Русская литература 60-х годов XIX века, страница 6

Динамика народной жизни, ее шумное и пестрое многообра­зие, разноголосие народных характеров и народных идеалов не стали предметом первостепенного внимания русского классиче­ского романа, но получили разностороннее освещение в циклах, которые позволяли автору сохранять контуры единой художест­венной концепции при гораздо более широкой, чем в романе, ин­дивидуализации изображаемых героев. Именно потому очерковая литература о народе существует у нас одновременно с развитием романа, отчасти готовя его появление, но и постоянно конкурируя с ним.

Русская критика 60-х годов XIX века

Русская критика второй половины XIX века развивается дра­матично. Общественная жизнь страны в это время необычайно усложнилась. В ходе подготовки и проведения антикрепостниче­ских реформ возникло множество политических направлений, ко­торые спорили друг с другом. Пестрой, многослойной оказалась и картина литературного процесса. Поэтому и критика стала бо­лее разноголосой по сравнению с эпохой 30—40-х годов, когда все многообразие критических оценок покрывалось авторитет­ным словом Белинского. Подобно Пушкину в литературе, Белин­ский в критике был своеобразным универсалом: он совмещал в оценке произведения и социологические, и эстетические, и сти­листические подходы, охватывая взором литературное движение в целом.

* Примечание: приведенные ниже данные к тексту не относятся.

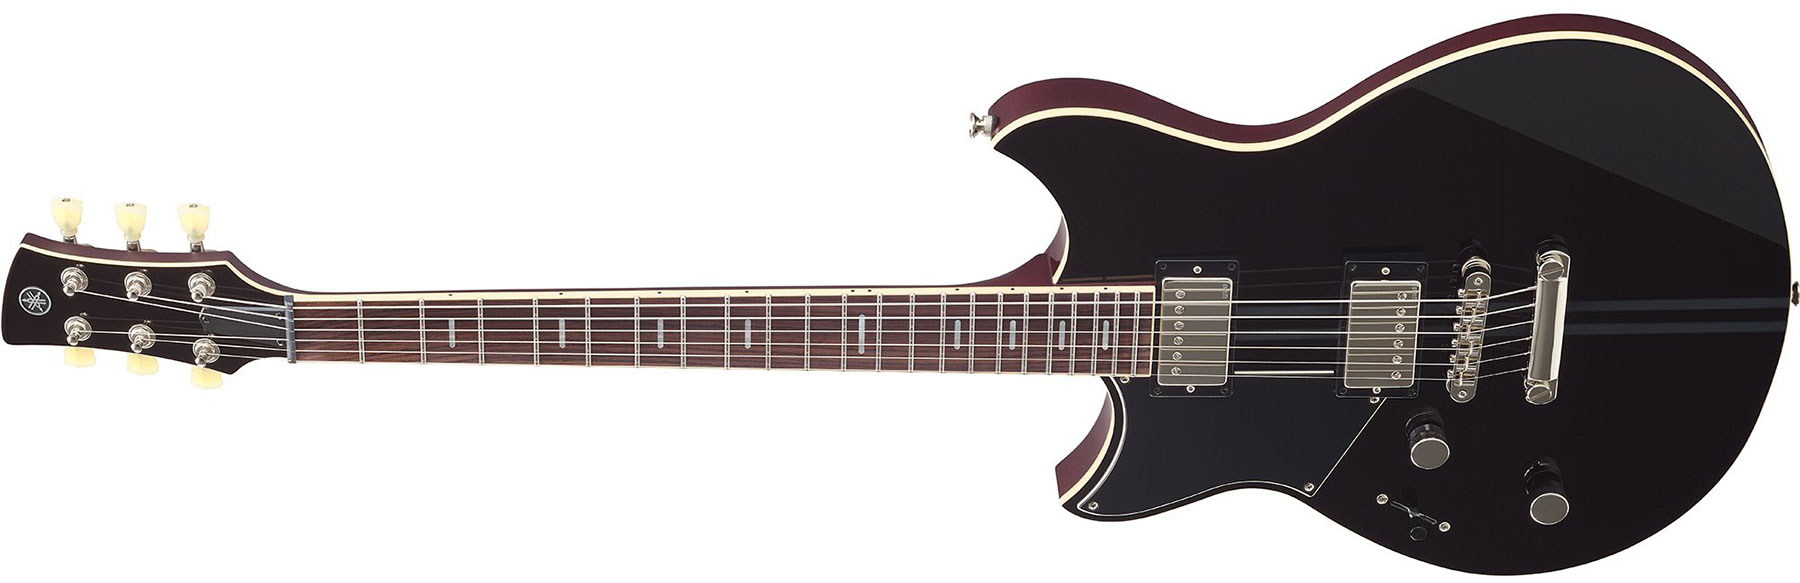 Yamaha Rss20l Revstar Standard Lh Gaucher Hh Ht Rw - Black - Guitarra electrica para zurdos - Variation 1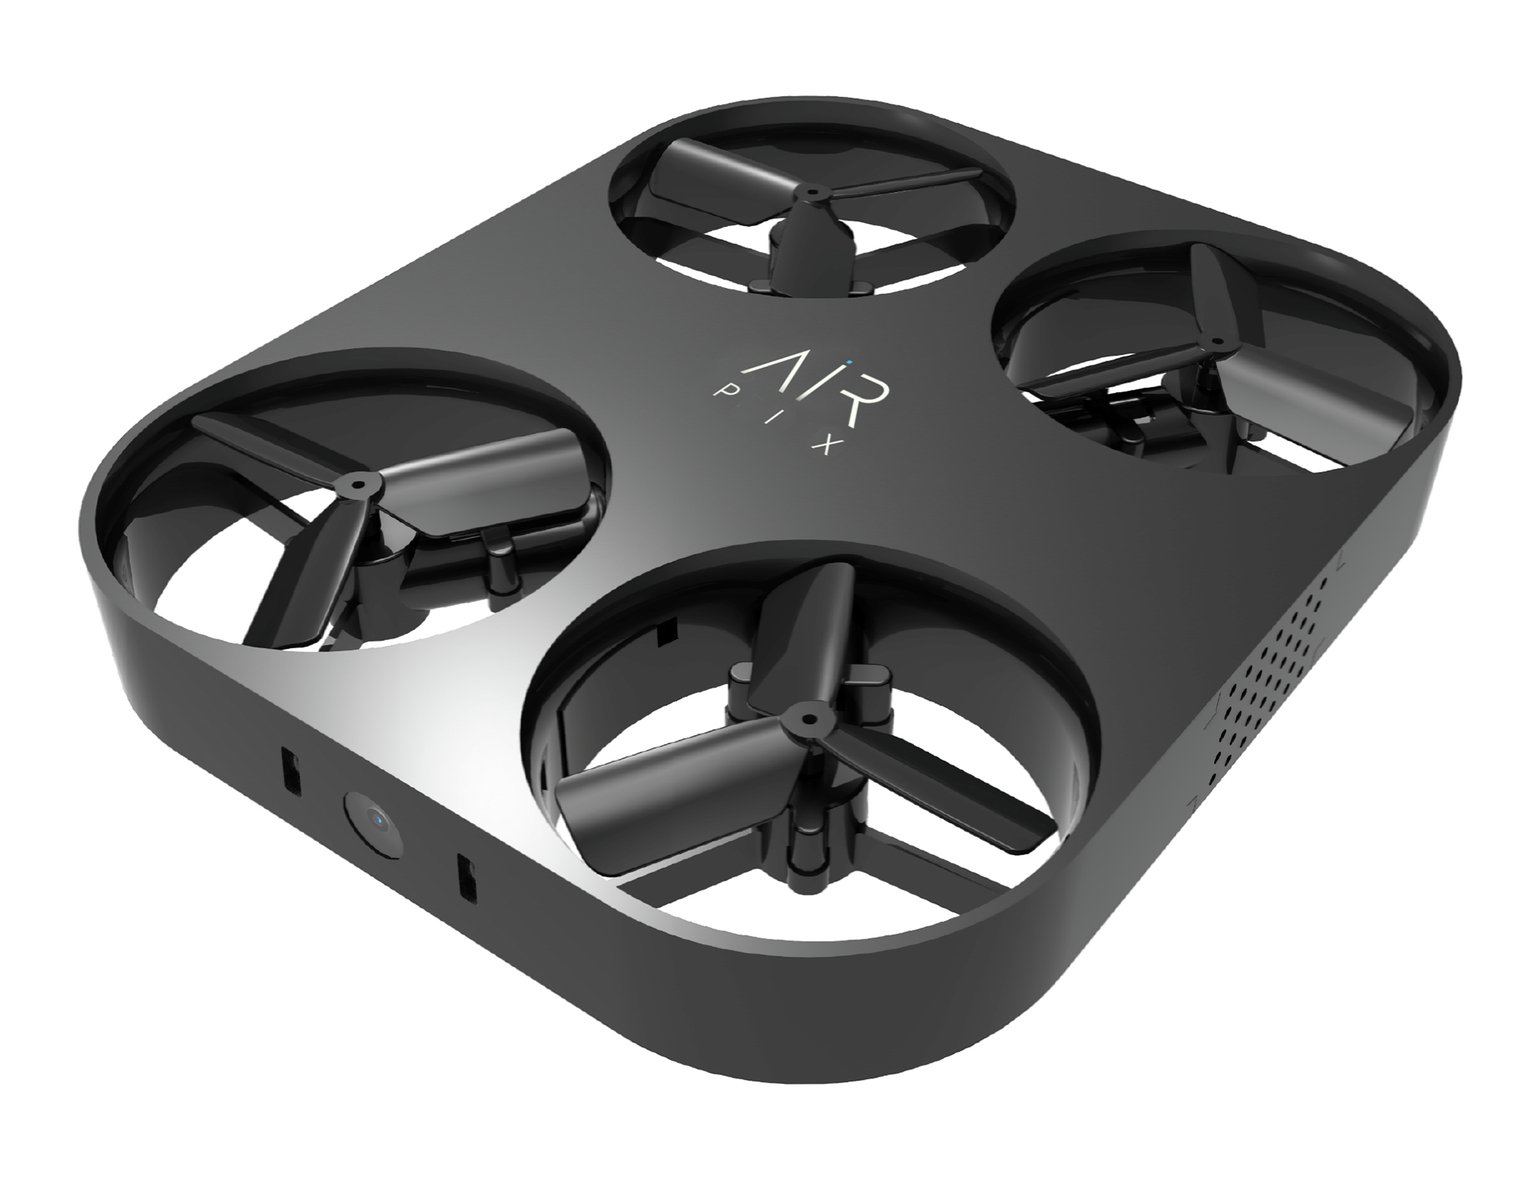 AirSelfie AirPix Drone Bundle Review

Во второй половине XIX века критический универсализм Бе­линского оказался неповторимым. Критическая мысль специали­зировалась по отдельным направлениям и школам. Даже крити­ки наиболее разносторонние, обладавшие широтой общественно­го взгляда, уже не могли претендовать не только на охват лите­ратурного движения во всей его полноте, но и на целостную интерпретацию отдельного произведения. Литературное разви­тие в целом и место в нем отдельного писателя раскрывалось те­перь всей совокупностью критических оценок. Аполлон Григорь­ев, например, споря с добролюбовскими оценками А. Н. Остров­ского, подмечал в творчестве драматурга такие грани, которые ускользали от Добролюбова в связи с различием их обществен­ных взглядов и эстетических позиций. Критическое осмысление творчества Тургенева или Льва Толстого нельзя свести к оцен­кам Добролюбова или Чернышевского. Работы Н. Н. Страхова об «Отцах и детях» и «Войне и мире» существенно углубляют и уточняют их. Глубина понимания романа И. А. Гончарова «Об­ломов» не исчерпывается классической статьей Добролюбова «Что такое обломовщина?». А. В. Дружинин вносит в осмысле­ние характера Обломова значительные уточнения. И нам важно учесть при изучении литературы XIX века весь спектр разноре­чивых критических ее оценок современниками. Без знания этих оценок наше восприятие классики окажется антиисторичным, субъективным, искаженным. А чтобы разобраться в причинах разных подходов к оценке одного и того же произведения, нужно иметь предварительные сведения о характере общественных убеждений критика и о своеобразии его эстетической позиции.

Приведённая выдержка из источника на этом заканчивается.